(DATA TO USE)

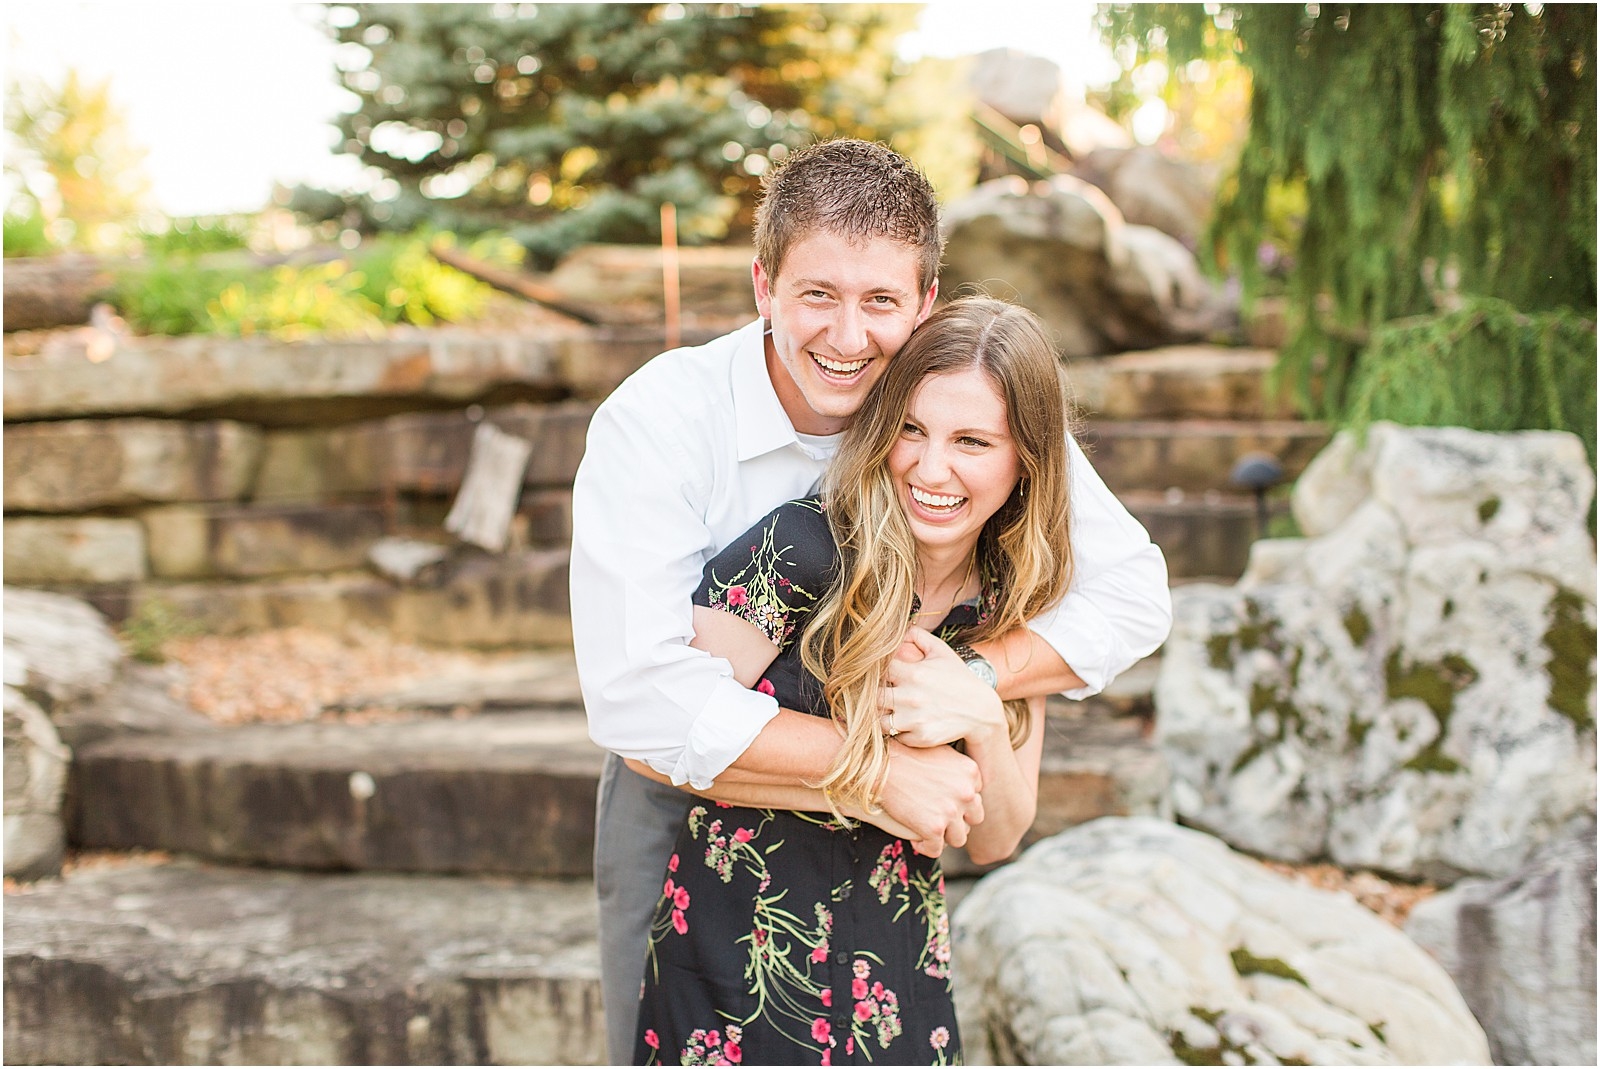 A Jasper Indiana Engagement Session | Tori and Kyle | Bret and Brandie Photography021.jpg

(End DATA TO USE)
(DATA TO USE)

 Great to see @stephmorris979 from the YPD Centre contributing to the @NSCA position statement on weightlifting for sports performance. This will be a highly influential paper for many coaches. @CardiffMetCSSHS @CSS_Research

(End DATA TO USE)
(DATA TO USE)

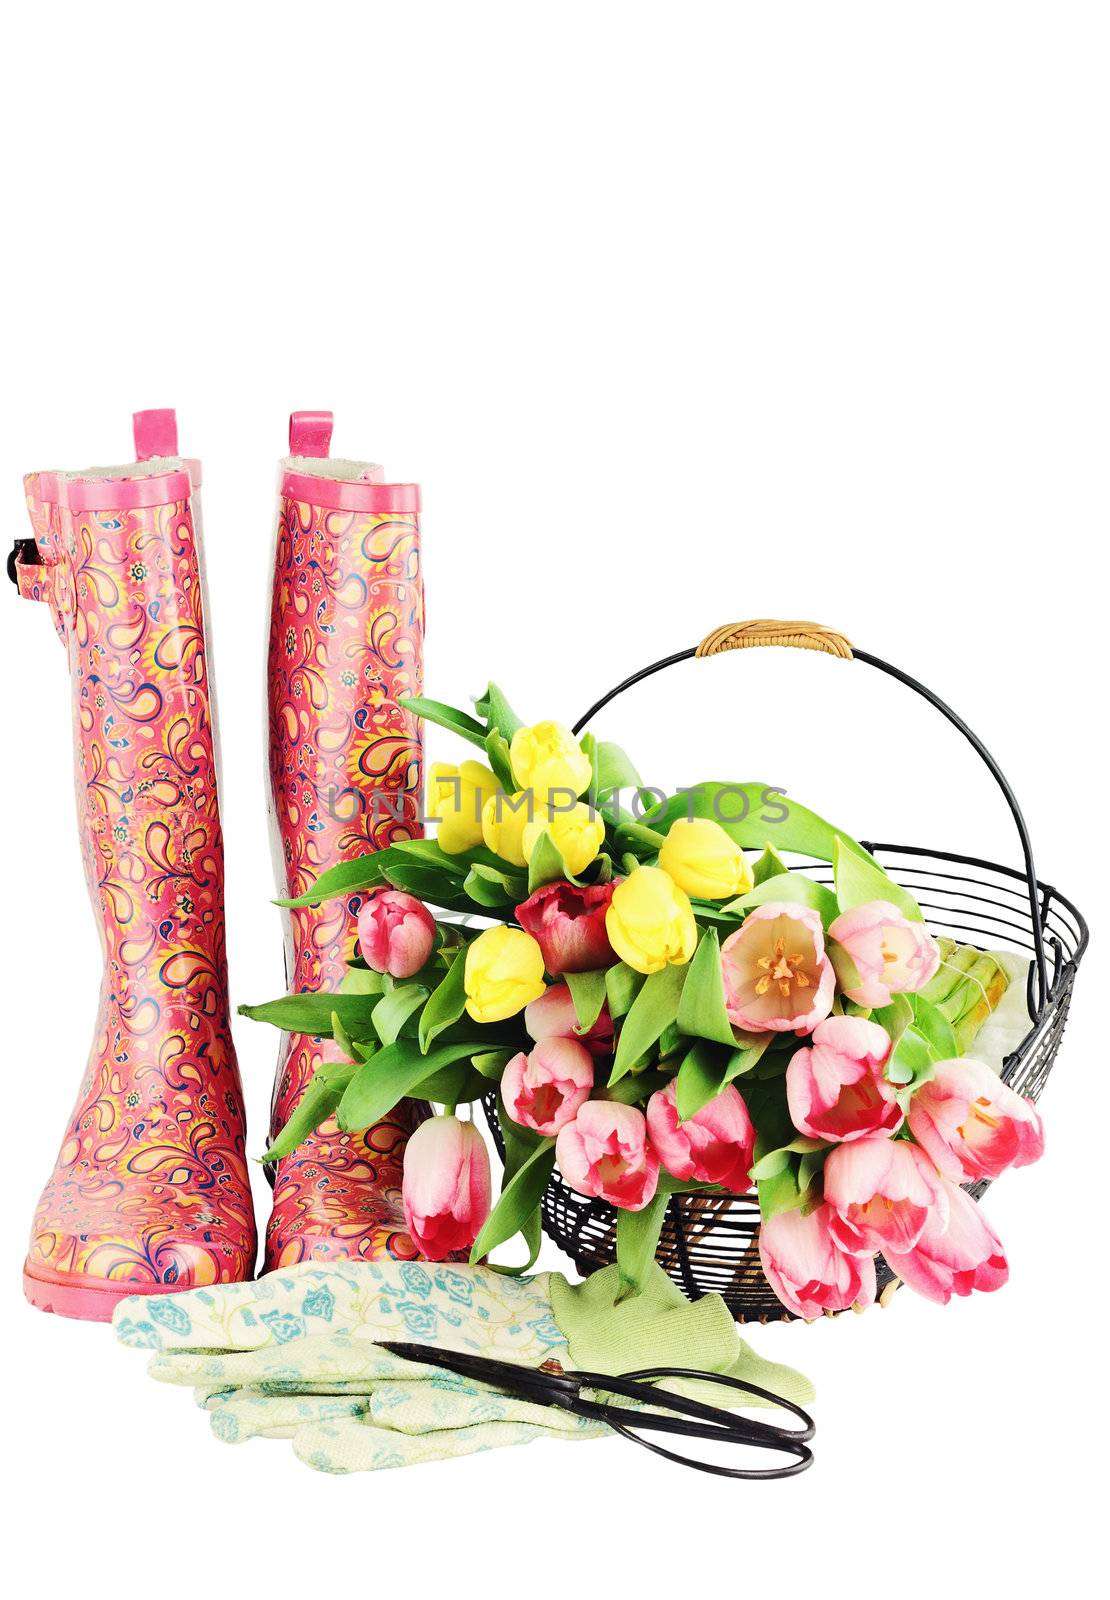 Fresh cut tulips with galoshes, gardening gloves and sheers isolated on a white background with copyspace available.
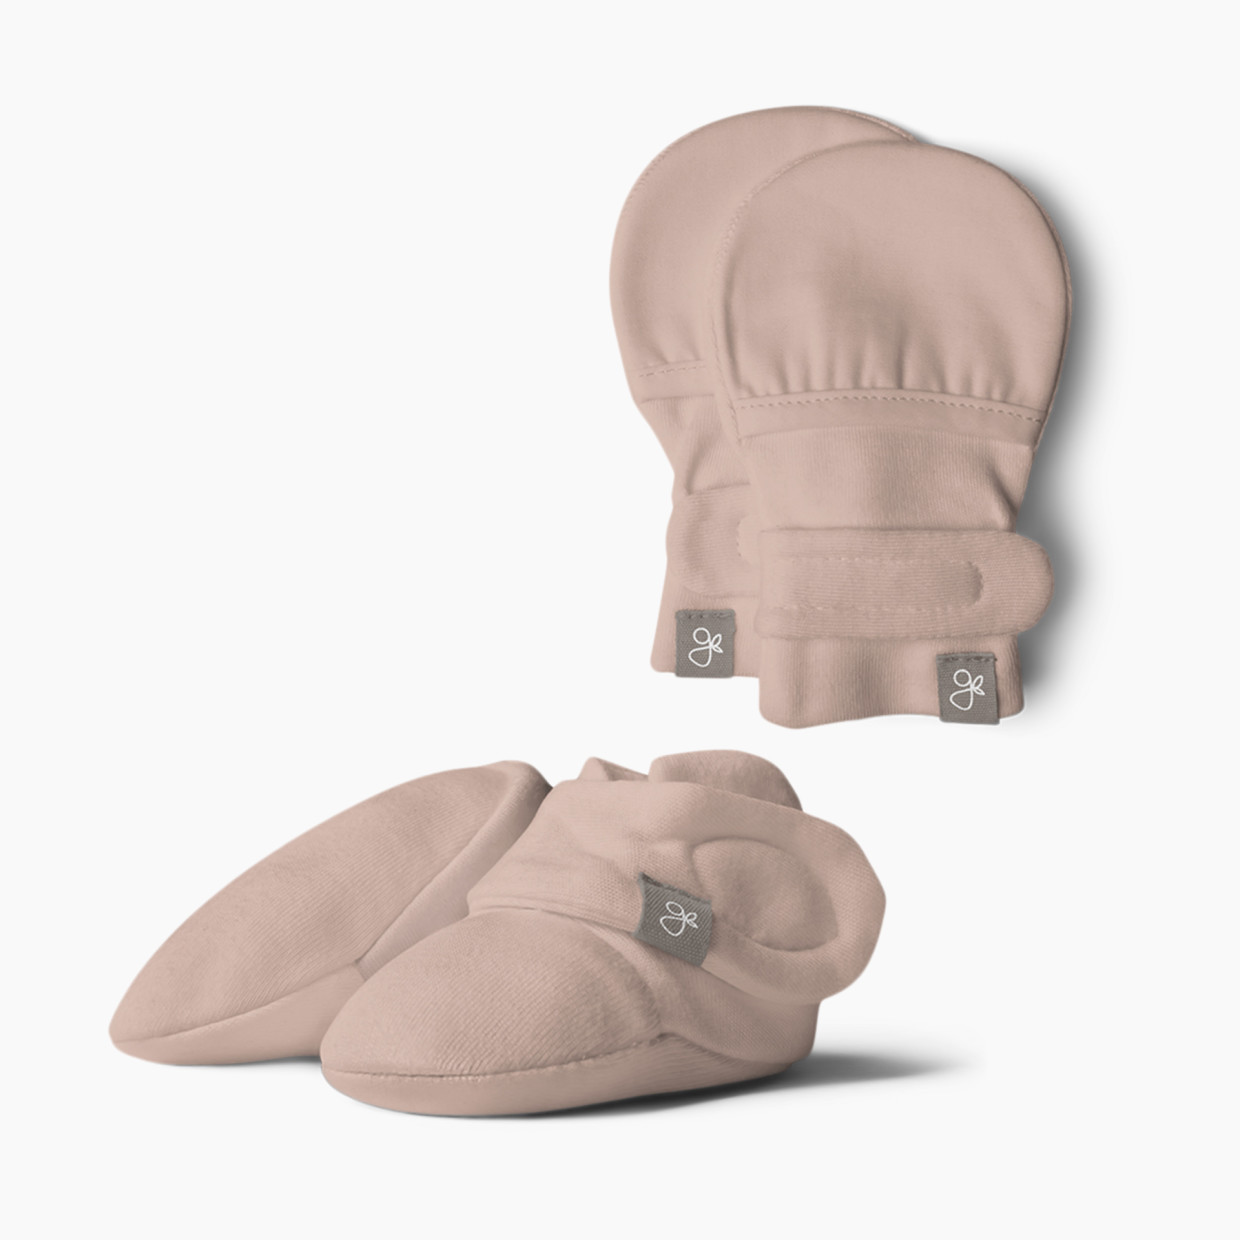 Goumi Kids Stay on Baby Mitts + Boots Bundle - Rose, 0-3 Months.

(End DATA TO USE)

WHAT THE EXERCISE ASKS:
Retype only the lines above from the one with "Fresh cut tulips" through the one with "Goumi Kids Stay", exactly and with both ends. Images stay out.

OUTPUT:
 Fresh cut tulips with galoshes, gardening gloves and sheers isolated on a white background with copyspace available.
 Goumi Kids Stay on Baby Mitts + Boots Bundle - Rose, 0-3 Months.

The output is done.